• _WHAT THE TASK ASKS_: Would you give the listing again exactly, without its images?

• _DATA SEGMENT_:
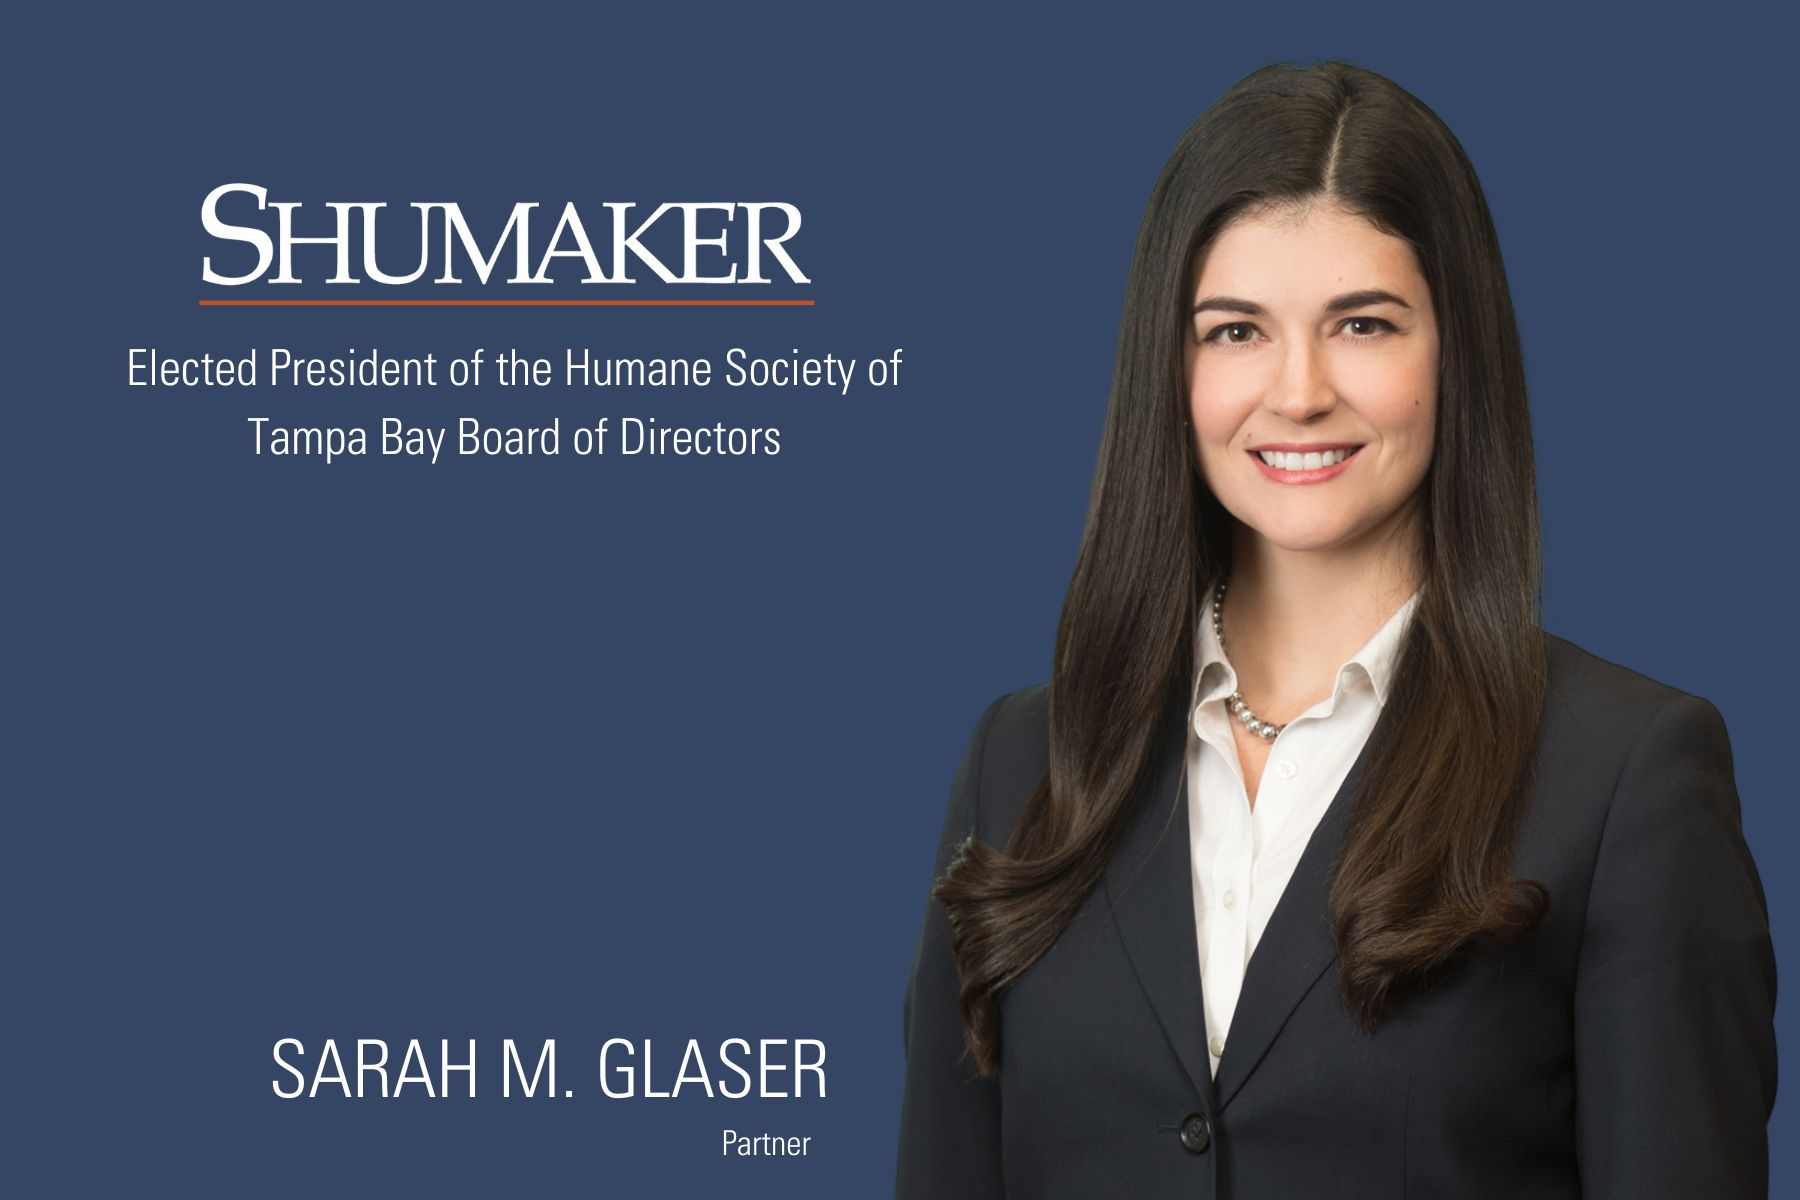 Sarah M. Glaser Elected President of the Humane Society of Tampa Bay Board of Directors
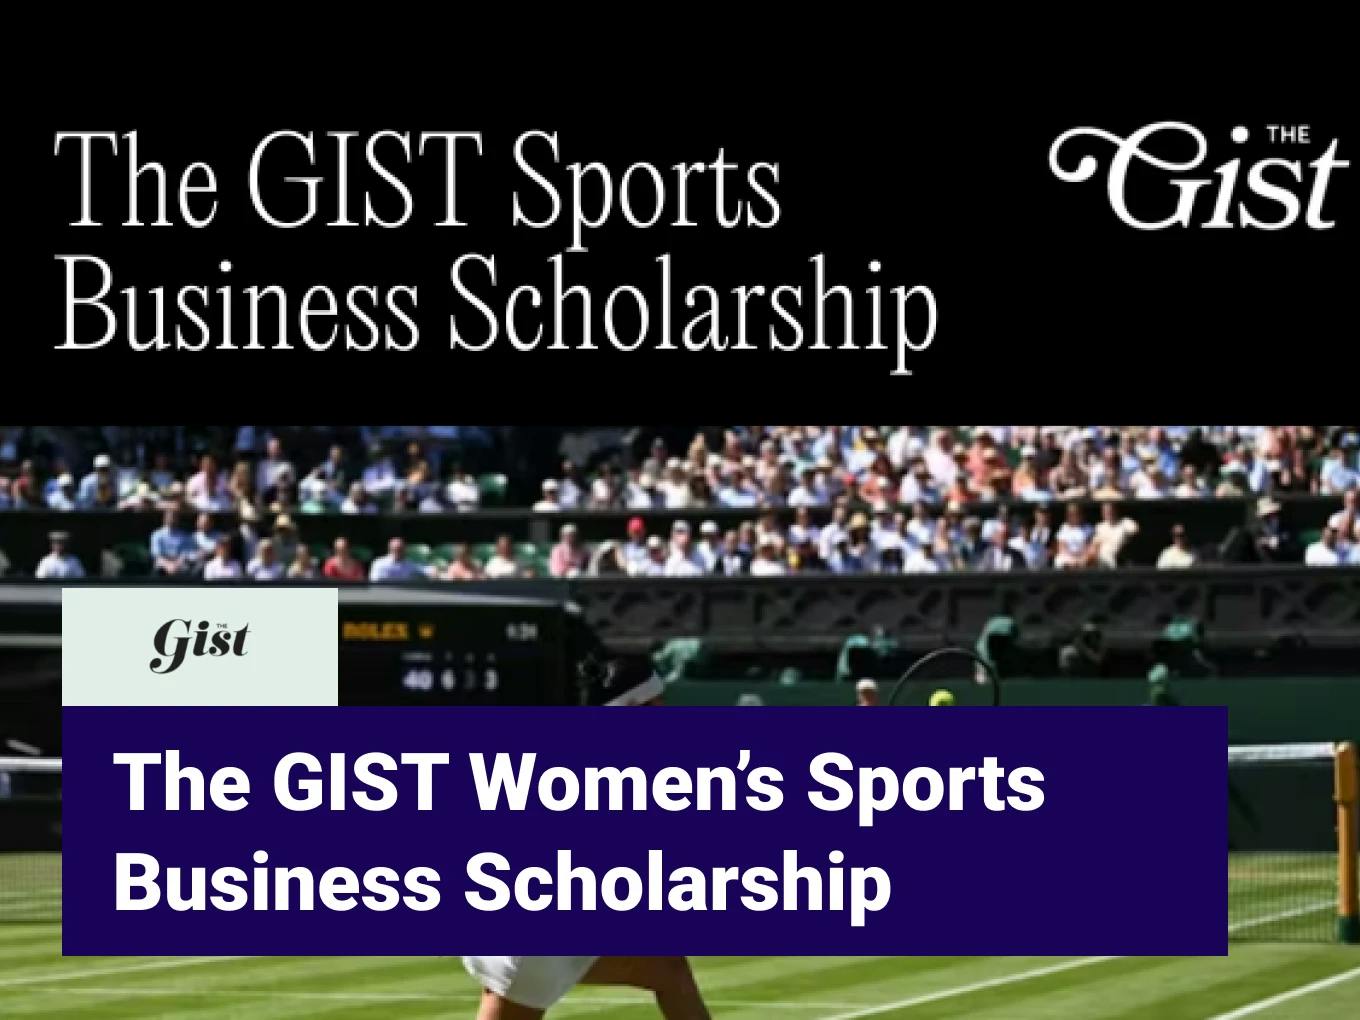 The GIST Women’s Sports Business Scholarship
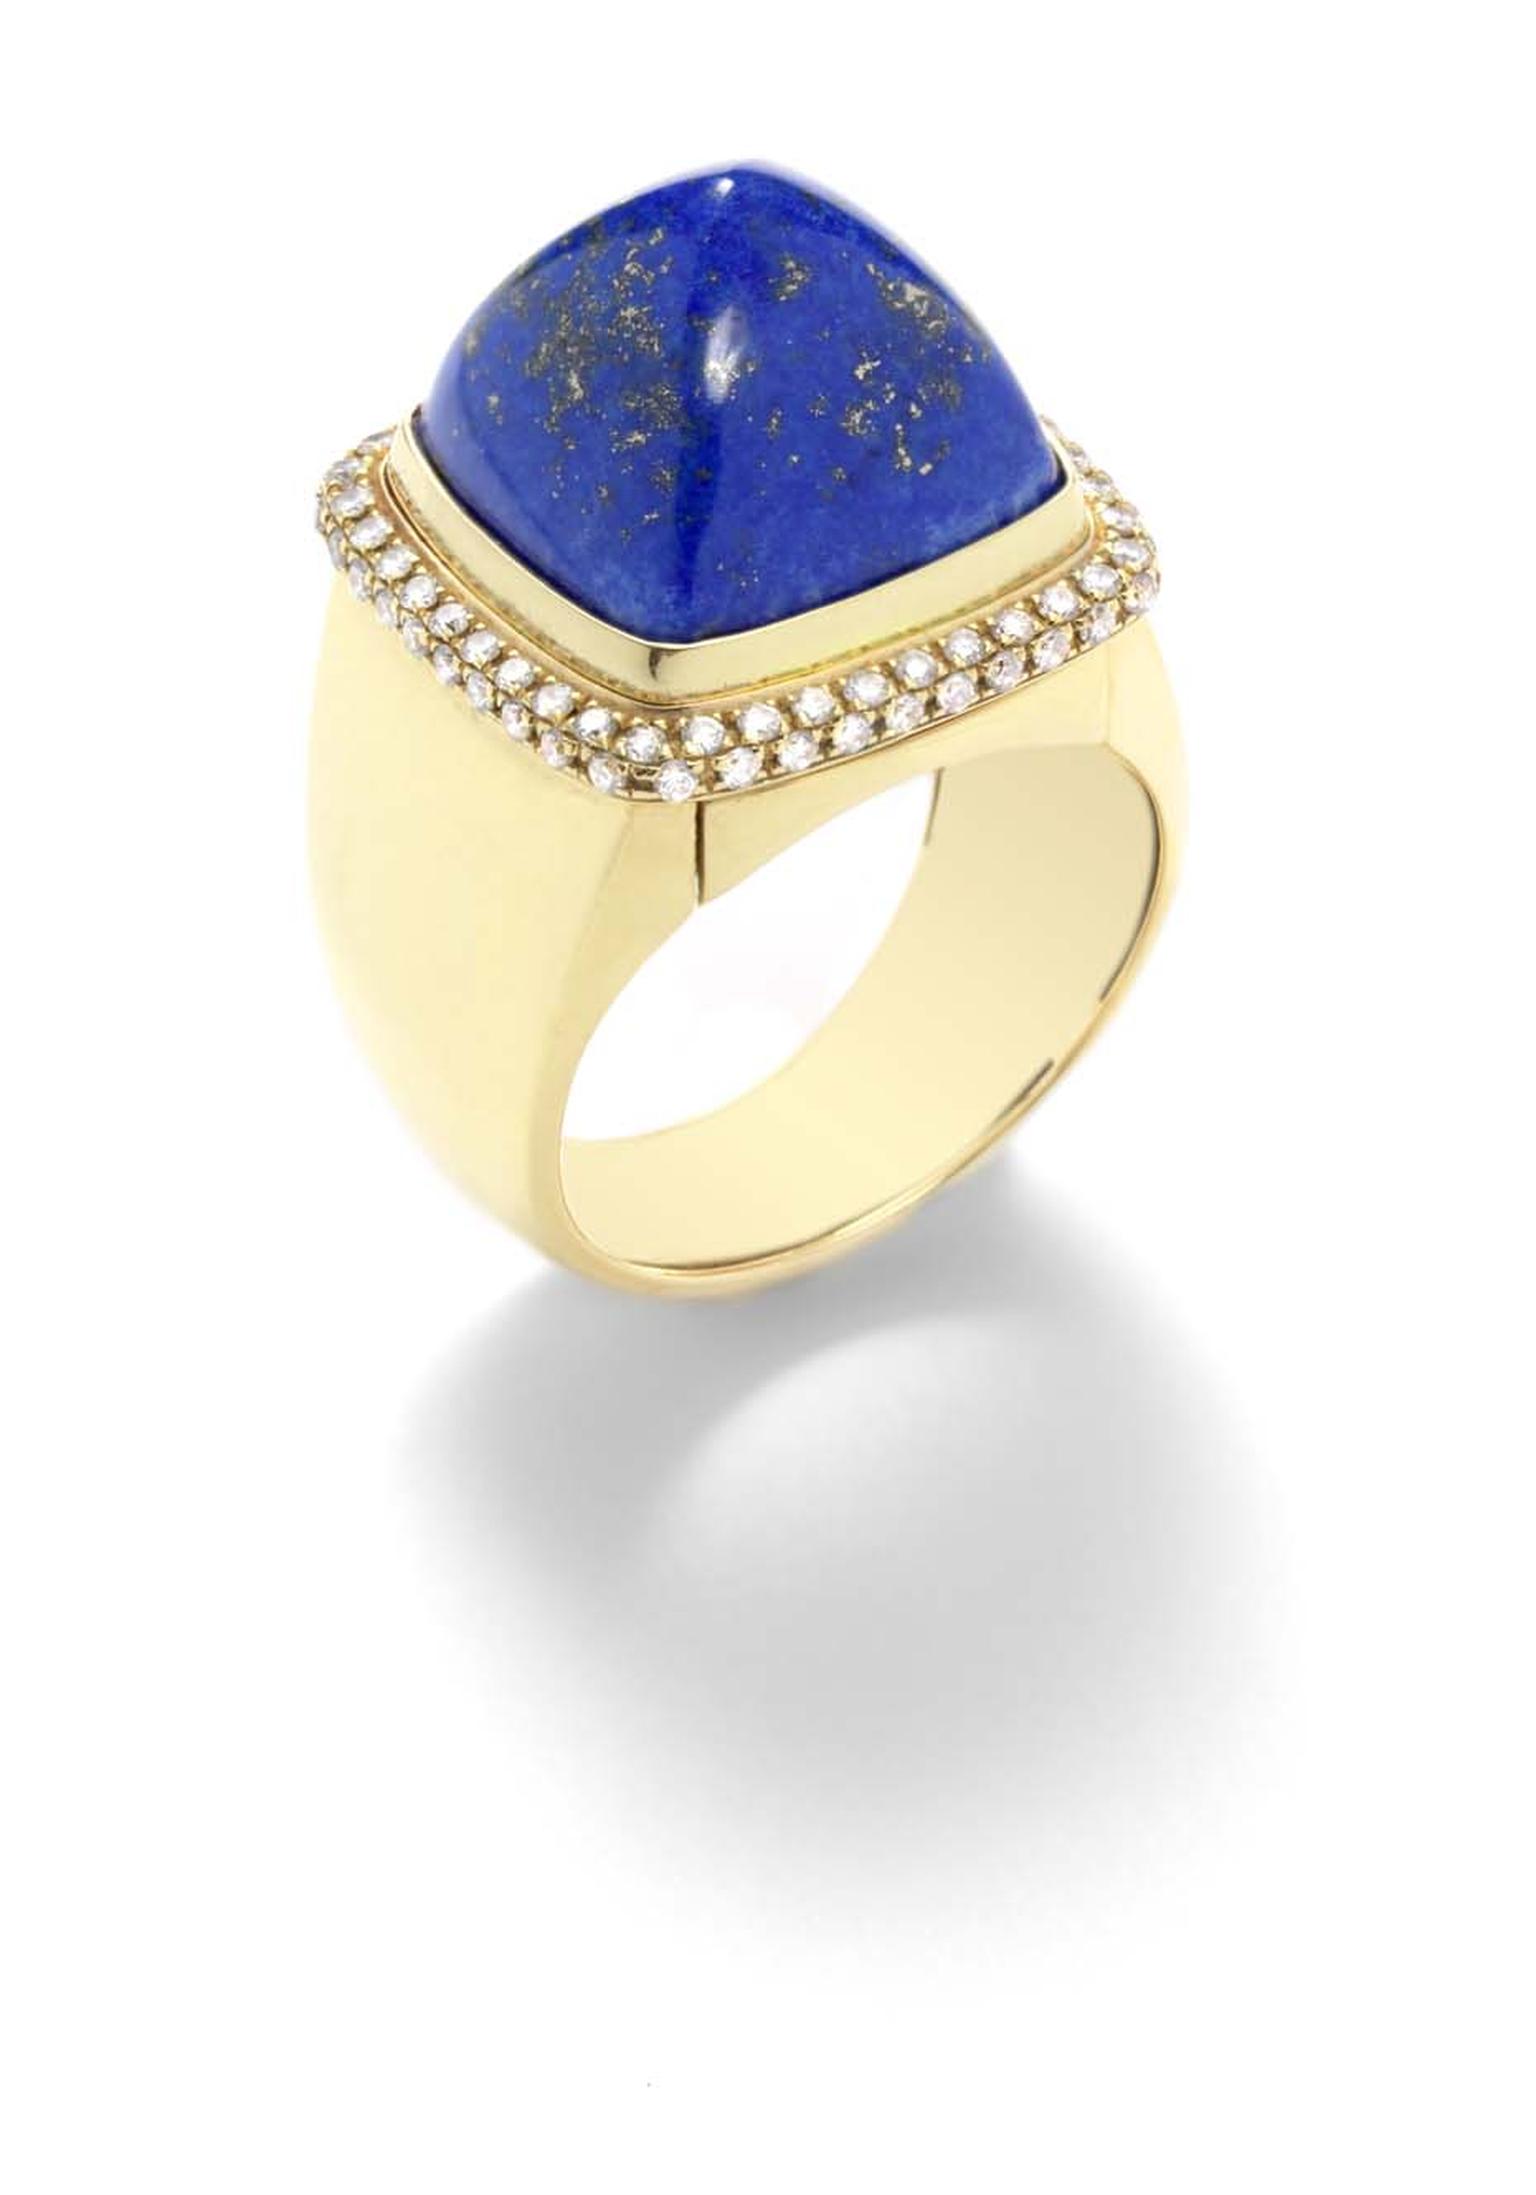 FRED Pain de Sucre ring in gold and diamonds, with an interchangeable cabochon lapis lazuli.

• _SOLUTION FOR THIS EXERCISE_:
 Sarah M. Glaser Elected President of the Humane Society of Tampa Bay Board of Directors
 The GIST Women’s Sports Business Scholarship
 FRED Pain de Sucre ring in gold and diamonds, with an interchangeable cabochon lapis lazuli.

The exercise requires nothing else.